Real estate and property job openings across the country were 31% higher in Q4 2021 compared to the same period in 2020.
Tasmania had the largest rise in real estate and property job openings in the country, rising 43% YOY in Q4.
Real estate and property jobs growth by state (Q4 2021 v Q4 2020)
NATIONAL | 31% |
NSW | 27% |
VIC | 41% |
TAS | 43% |
SA | 12% |
WA | 16% |
NT | -15% |
QLD | 37% |
ACT | 27% |
Victoria saw a 41% increase in real estate and property job vacancies in the fourth quarter, followed by Queensland with a 37% jump in job listings.
The Northern Territory was the only jurisdiction to record a decrease in job listings during the period, down 15%.

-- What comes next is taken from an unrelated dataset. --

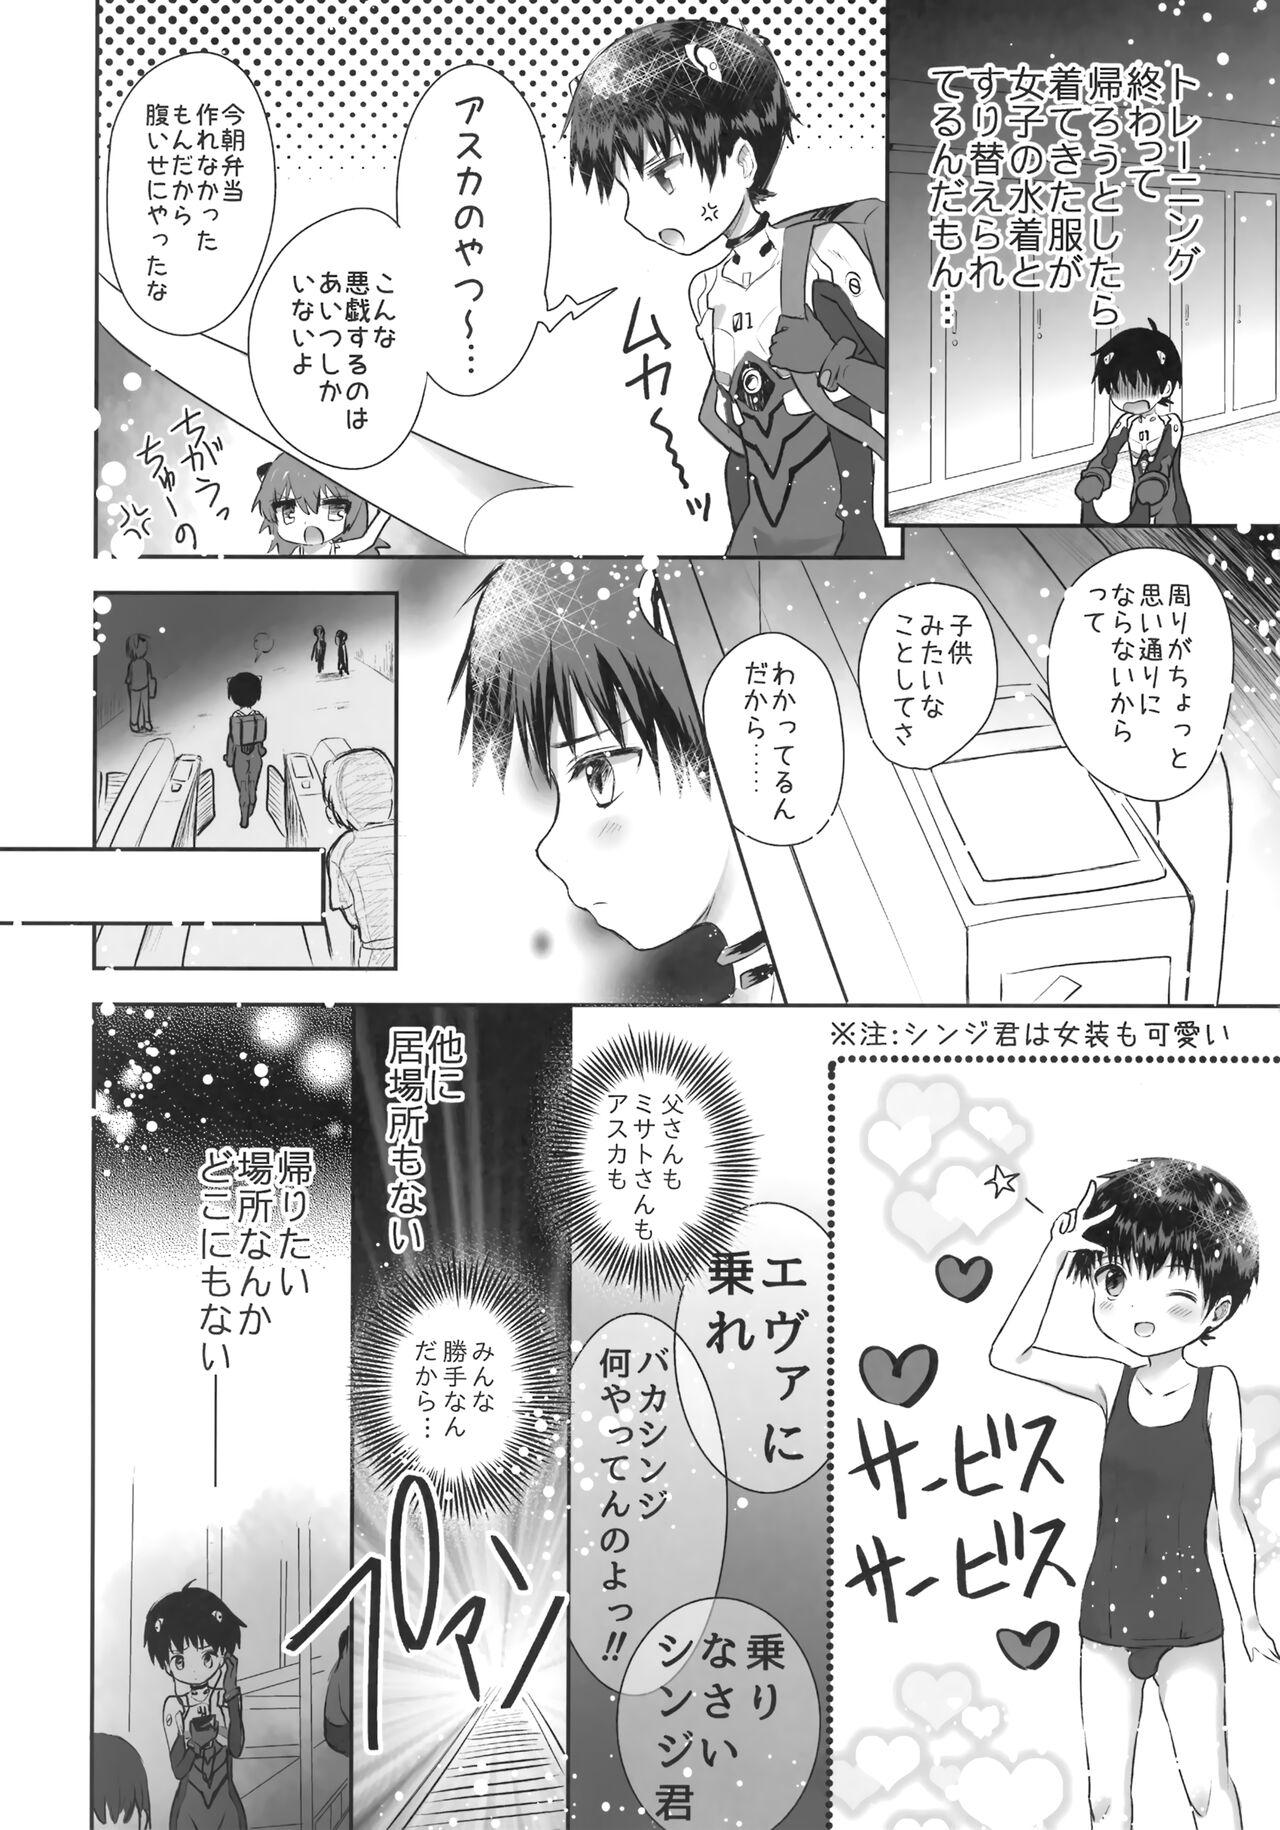 Hardsex Plugsuit o Kita Mama Notte Kure, Shinji. - Neon genesis evangelion Wam - Page 3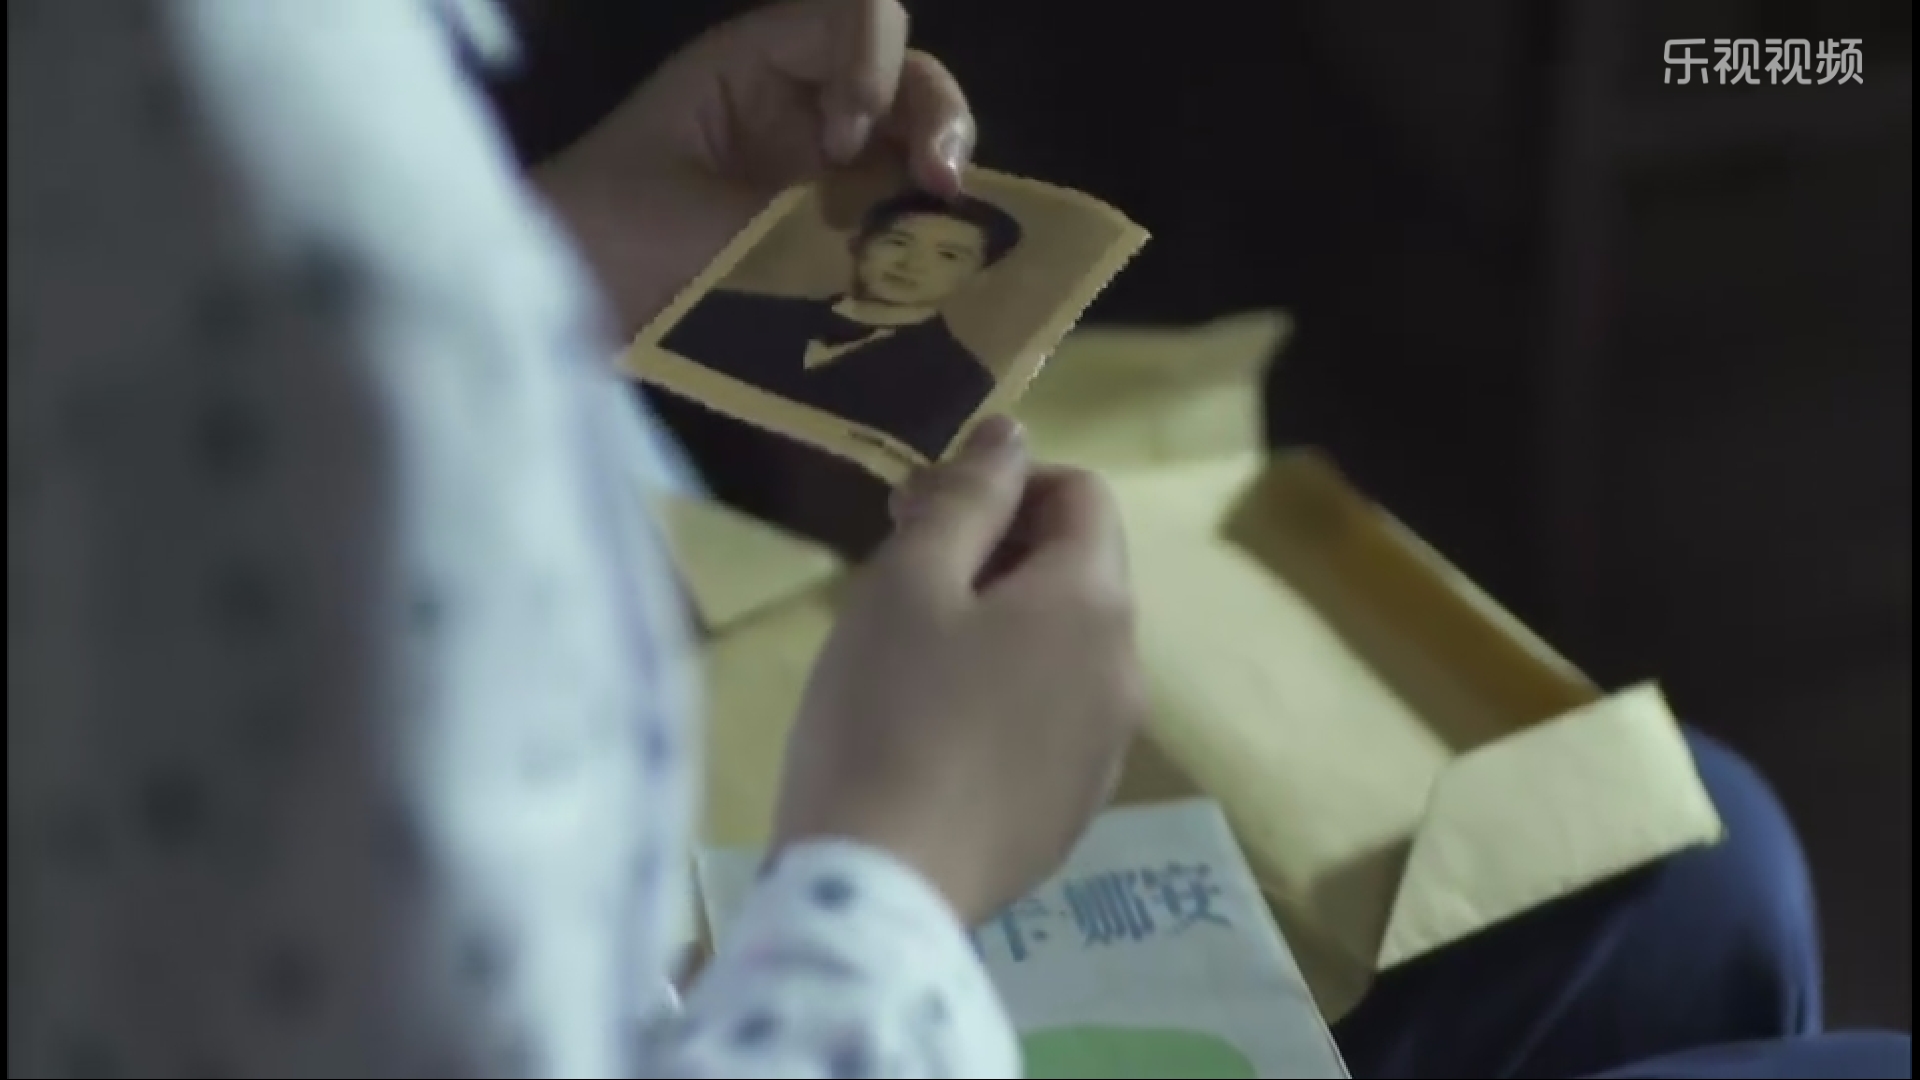 《父母爱情》:亚宁在安杰书皮里发现的那张照片里的男人会是谁?

At the national level, property analyst job vacancies recorded a 110% YOY increase in Q4, followed by retail and property development roles, which were up 67%.
Job vacancies in property administration were 58% higher; body corporate and facilities management employment openings were up 48%; and commercial sales, leasing and property management job openings rose 35%.
Subcategories within the real estate and property industry (Q4 2021 v Q4 2020)
Residential leasing and property management | 13% |
Administration | 58% |
Body corporate and facilities management | 48% |
Residential sales | 7% |
Commercial sales, leasing and property management | 35% |
Valuation | 48% |
Analysts | 110% |
Other | 99% |
Retail and property development | 67% |
Residential leasing and property management job vacancies were steady, just 13% higher, while role openings in residential sales were up 7%.
In March, there were 3,597 jobs in real estate and property on site with residential leasing and property management roles by far the most in demand.
The ongoing demand comes after property valuation job vacancies grew 112% year-on-year in the third quarter of 2021.